In the Mexican city of Merida, at the entrance to the Siglo XXI congress center near the Grand Mayan Peace Museum, a monument to the Russian scientist Yuri Knorozov. The scientist is depicted in full growth with his beloved cat Asya in his arms. It was her scientist who even tried to co-author her works.
A plaque with the dates of the scientist's life, a reminder of his discovery and the words spoken by Knorozov during the presentation of the Order of the Aztec Eagle for exceptional services to Mexico were fixed on the pedestal: "I am always a Mexican by heart". The sculpture was based on the photos of the Mexican sculptor Reinaldo Bolio Suarez (Pacelli). The opening ceremony was attended by Knorozova's apprentice doctor of sciences Galina Ershova, who said that her teacher "seems to be returning to Mexico, because he is very respected and loved here".

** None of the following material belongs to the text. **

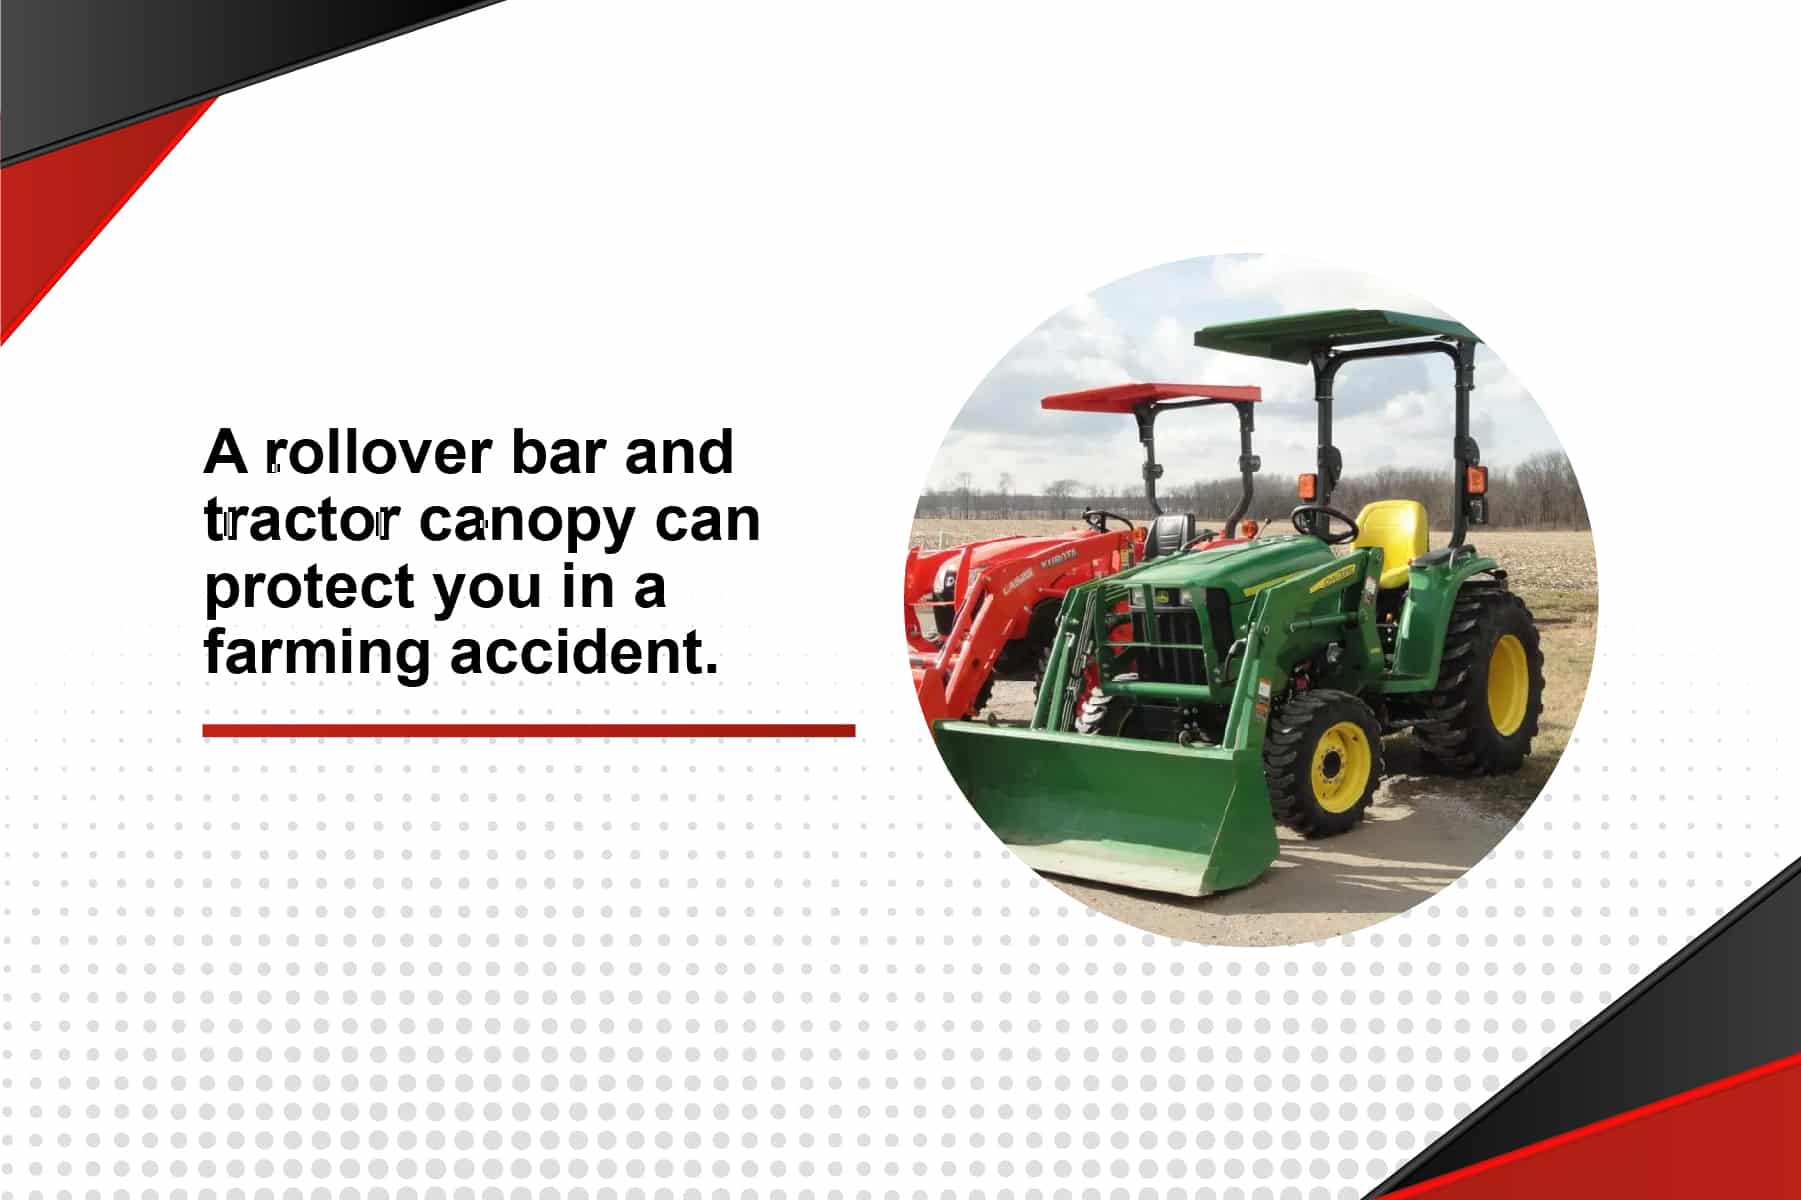 A rollover bar and tractor canopy can protect you in a farming accident

The appearance of the monument to Knorozov in front of the Mayan Peace Museum is not accidental. In Mexico, the Russian scientist is treated with great respect - he managed what the linguists of the whole world could not do for more than one hundred years - decipher the writing of the natives of Mexico and Guatemala-Maya. It was his work that marked the high award of the Government of Mexico. In Guatemala, Knorozov was awarded the Grand Gold Medal of the President of Guatemala.
The Mayan writing is a set of pictures depicting creatures with brutal grimaces. One of the researchers of the mysterious drawings, more reminiscent of comics, eventually wrote an article entitled "Deciphering the Maya letter is an insoluble problem". This article, which caught the eye of the student of the historical faculty of Moscow State University Yuri Knorozov, and was the starting point, spurred the excitement of the researcher. Knorozov was a descendant of a highly educated intelligent family. He failed to become an officer, like his father and older brothers. Dismissed health. During the war, like all students of Kharkov State University, digging trenches, then there was occupation and life in the shed. In February 1943, he took his mother and sister across the front line to Voronezh and came to the military enlistment office. However, he was again found unfit for service in the army. Then he went to Moscow, and resumed his studies at the Department of Ethnography of the Faculty of History of Moscow State University.
Then he got an article about the impossibility of reading the texts of the Maya. And the prohibition of the leading American linguist Erik Thompson, superimposed on this subject, the young scientist was of little interest. In postgraduate study he was not accepted, because during the war the family was in the territory occupied by the enemy. Even the largest at that time ethnographers Sergey Tolstov and Sergey Tokarev could not help. For the same reason Knorozov was long and forbidden.